I do think there is an issue in that these sort of commentators have much less
visibility than before in American politics, so it's easy to form a negative
opinion about right wing journalism. Partially as a result, I can name several
commentators that have migrated from "Republican conservative" to a more
"independent" oriented stance. Names like David Frum, Andrew Sullivan, Bruce
Bartlett, David Brooks, and George Will come to mind. None of these names are
100% "liberal", neither are still today. They just don't fit well with right-
wing media that has increasingly become populist.

It is probably my bias, but I can't think of a similar type of left-wing
commentator that's made the same transition. On the other hand, I've noticed
increased populism in more left-oriented media too...

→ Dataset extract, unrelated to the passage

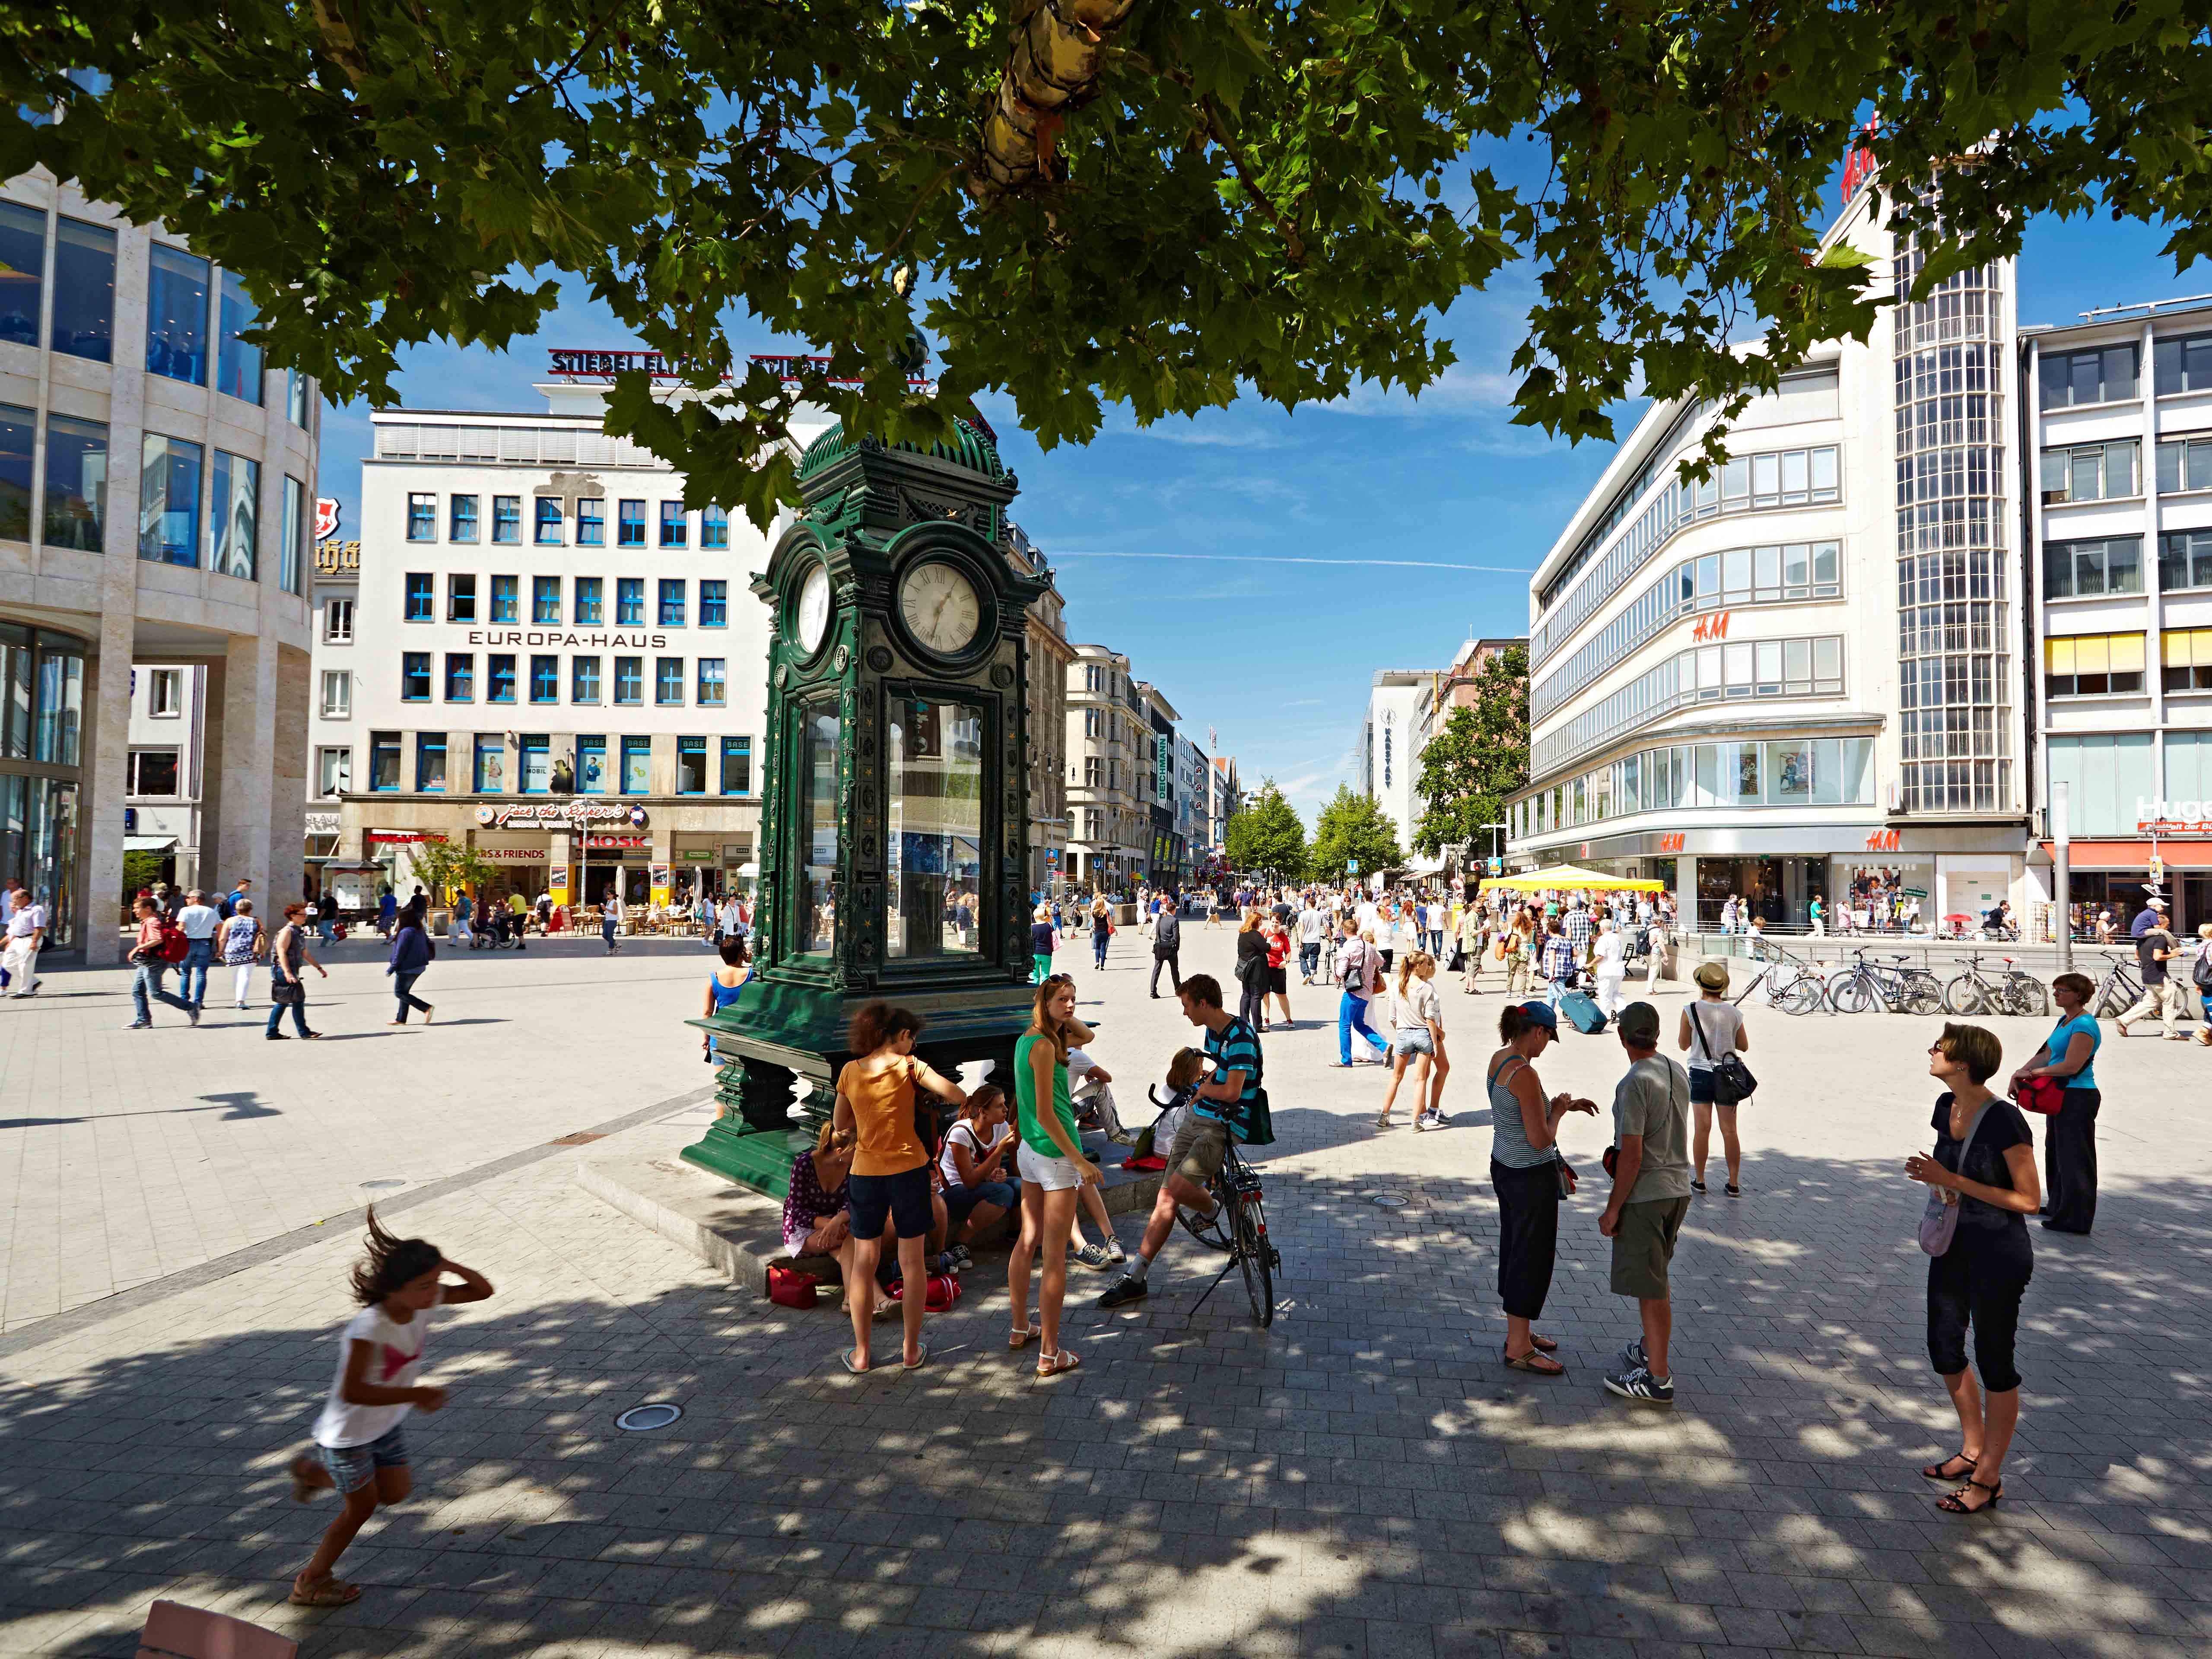 Hannover, DEU, 06.08.2013, Kröpcke[ (c) Christian Wyrwa, Diplom-Foto-Designer (FH),  Burgwedeler Str. 91D , 30916 Isernhagen (bei Hannover), Germany, E-Mail: info@wyrwa-foto.de,  Tel: +49-511-3945254, Fax:+49-511-1233545, Mobil: +49-171-8340094, ] [#0,26,121#]
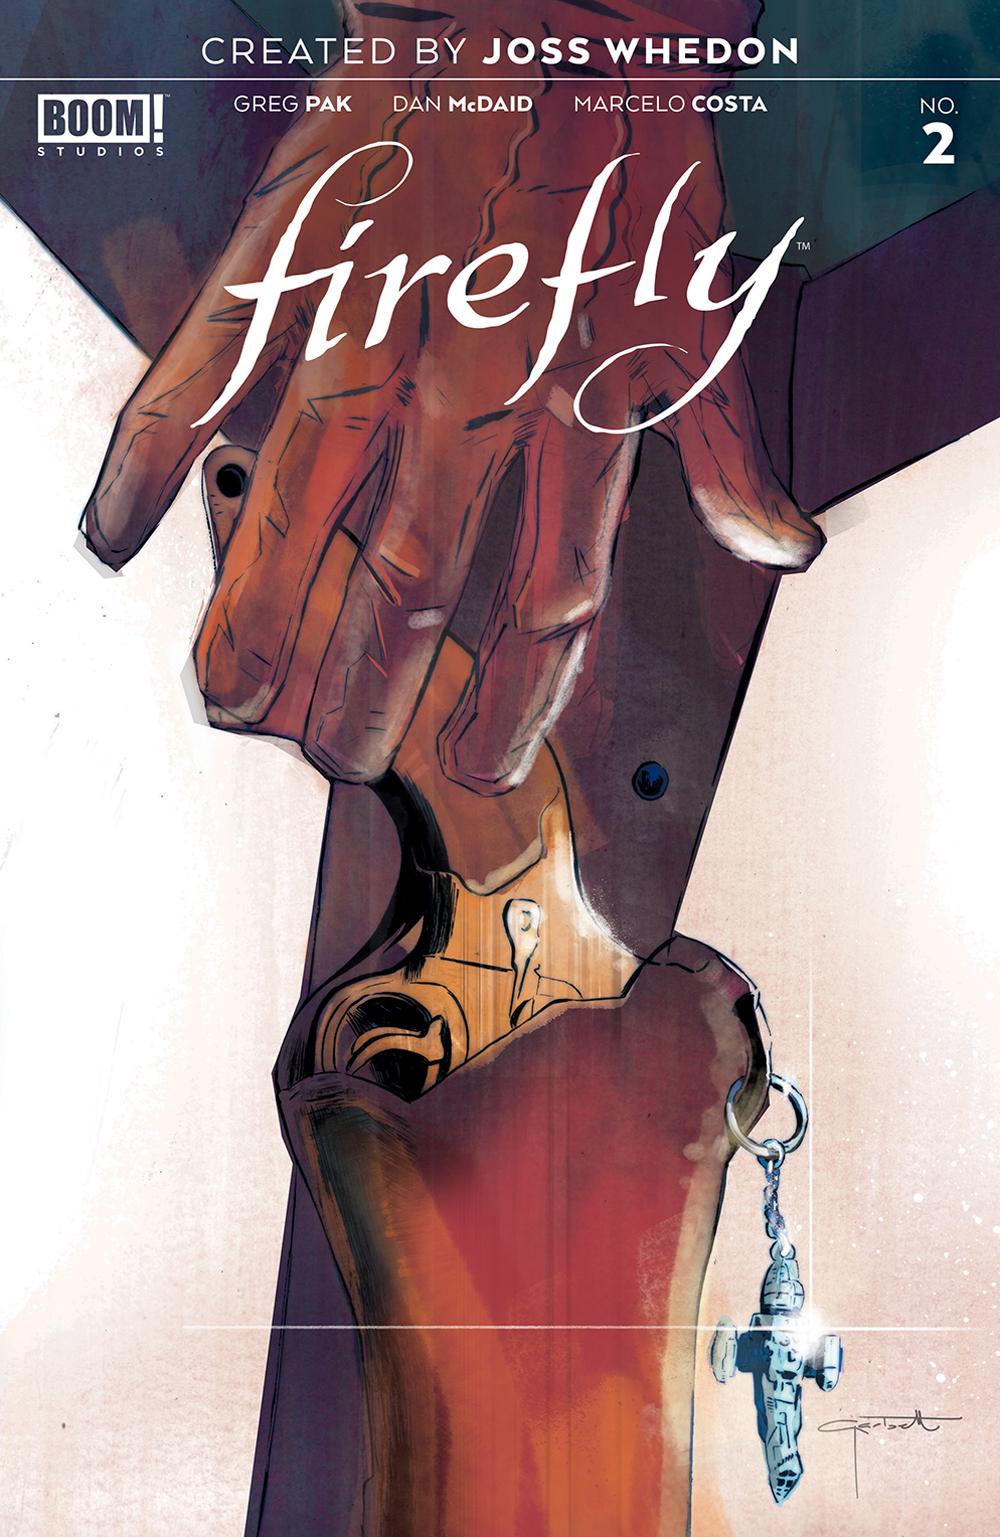 FIREFLY #2 MAIN

This is a shame, because even when these type of commentators were at their
most raucous, I always got the impression that both sides respected each
other. (You saw the same thing at, say the Supreme Court, where Scalia and
Ginsburg were friends.) A lot of media these days in contrast is extremely us
vs. them and tribal oriented, with seemingly no respect for the other side at
all.

------
to_bpr
>The feed will include news stories from a variety of publishers, to avoid the
so-called filter bubble effect, where people follow only content aligned with
their pre-existing point of view.

>"To provide information from diverse perspectives, news stories may have
multiple viewpoints from a variety of sources... and, when available, you'll
be able to fact check," the company said in a blog post.

I'm growing increasingly uncomfortable with how Google, Facebook etc. are now
positioning themselves in terms of what news and sources they believe we
should and should not consume.

If this piece is true and this update isn't confined to the Google app then I
think it may be the final nail in the coffin of my relationship with Google
products.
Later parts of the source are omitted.